In a further step, we narrowed down our set to reports completed in 2008-2012, excluding evaluations produced in 2013. This is because we will question (through interviews and a web-based survey) evaluation stakeholders about the effects the evaluation has produced. To make sure we can take into account effects that occur after an evaluation, we must allow for some time. One year seems a reasonable time-frame, even though we realise that some effects often occur at a later stage (for instance, the use of ‘lessons learned’ published in an article).

Of the 140 full evaluation reports, we have excluded 16 because they fell outside the 2008-2012 period, 43 because they evaluated interventions which included VAWG as a minor component, and 6 because both exclusion criteria applied. (One report did not show the year of publication.)
The remaining set includes 74 evaluations of VAWG-related interventions in low- to middle-income countries. This is the full set of evaluations we have found to meet all our criteria – i.e. we do not draw any sample. The evaluations cover three different contexts – development, humanitarian and conflict / post-conflict, and the four strategic priorities that inform DFID’s work on violence against women and girls (see figure below). Figures refer to the number of evaluations that match the criteria; the total exceeds 74 because some evaluations match several criteria.

DFID priorities
Development
Humanitarian
Post-/Conflict
Building political will and institutional capacity
22
7
12
Changing social norms
37
2
6
Empowering women and girls
12
3
3
Providing comprehensive services
16
7
7
The evaluations deal with a broad spectrum of interventions of varying complexity carried out by public and not-for profit actors (including women’s rights organisations), ranging from a single training project to multi-country programmes that bring together different types of interventions.  Most evaluations found have occurred near or after the end of an intervention, a smaller number are mid-term reviews.
The reports vary in size (8-258 pages); their median length is 52 pages (average length: 62). The degree to which they fulfil established quality standards (with regard to the methodology employed, protection of VAWG survivors and other aspects) is assessed in the first coding round. What can be said at this point is that quality, understood in this way, appears to vary significantly. This is also true for the appearance of the reports.
All published reports we have identified will be shared with DFID. 19 out of the 74 reports are unpublished or of uncertain publication status. We cannot share these reports with others, but we have obtained permission to extract data from these reports.

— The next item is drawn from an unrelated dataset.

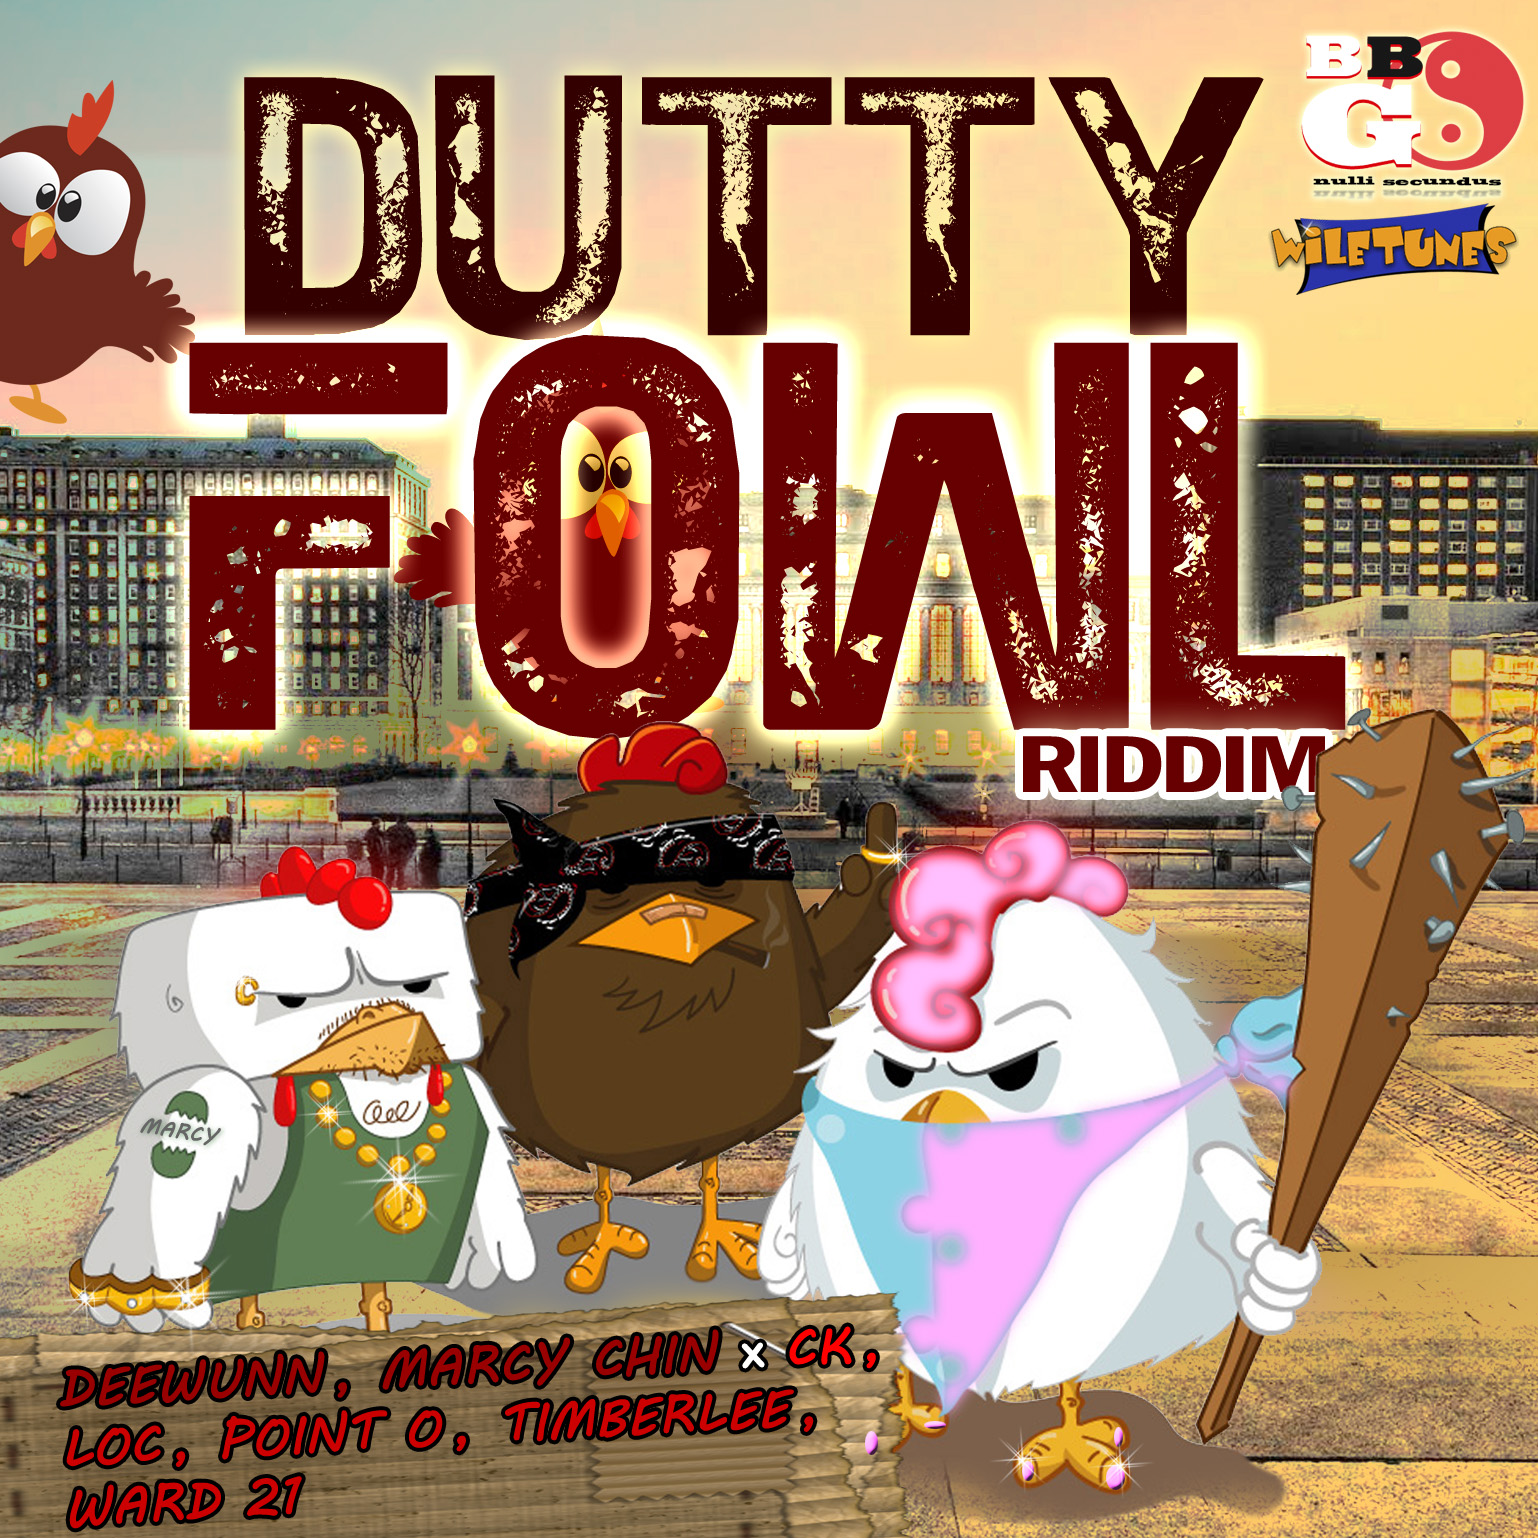 dutty-fowl-riddim-wiletunes-cover

It is important to keep them in the set of evaluations to be reviewed, as this is an opportunity to work on material that is not easily accessible to a wider public. 
For those who would like to take a peek at the published evaluation reports: the reports can be retrieved via this link. The link takes you to a folder which includes our full scoping report and a brief guide to the folder. 

Meet the coders

We are delighted to announce that we have found highly qualified coders: Miruna Bucurescu, Scout Burghardt, Sanja Kruse, Astrid Matten and Paula Pustulka. 

Astrid Matten holds a  Master's degree in Political Sciences, Sociology  and Social Politics from the University of Göttingen. Her research  focuses on migration, state borders and gender issues.

With a background in development studies, Miruna Bucurescu is a polyglot with expertise in women, peace and security. Since 2011 she has worked as an independent researcher focusing on social science statistics and evaluation.

Paula Pustulka is a sociologist, involved mostly in qualitative research projects in the fields of gender and migration studies. 

Sanja Kruse is a sociology graduate with a wide range of practical experiences in research and international cooperation, particularly related to employment, education and gender issues.

Scout Burghardt has a degree in Gender Studies and European Ethnology. She participated in the 2-year research project “Samenbanken – Samenspender” on reproductive technologies at Humboldt University Berlin.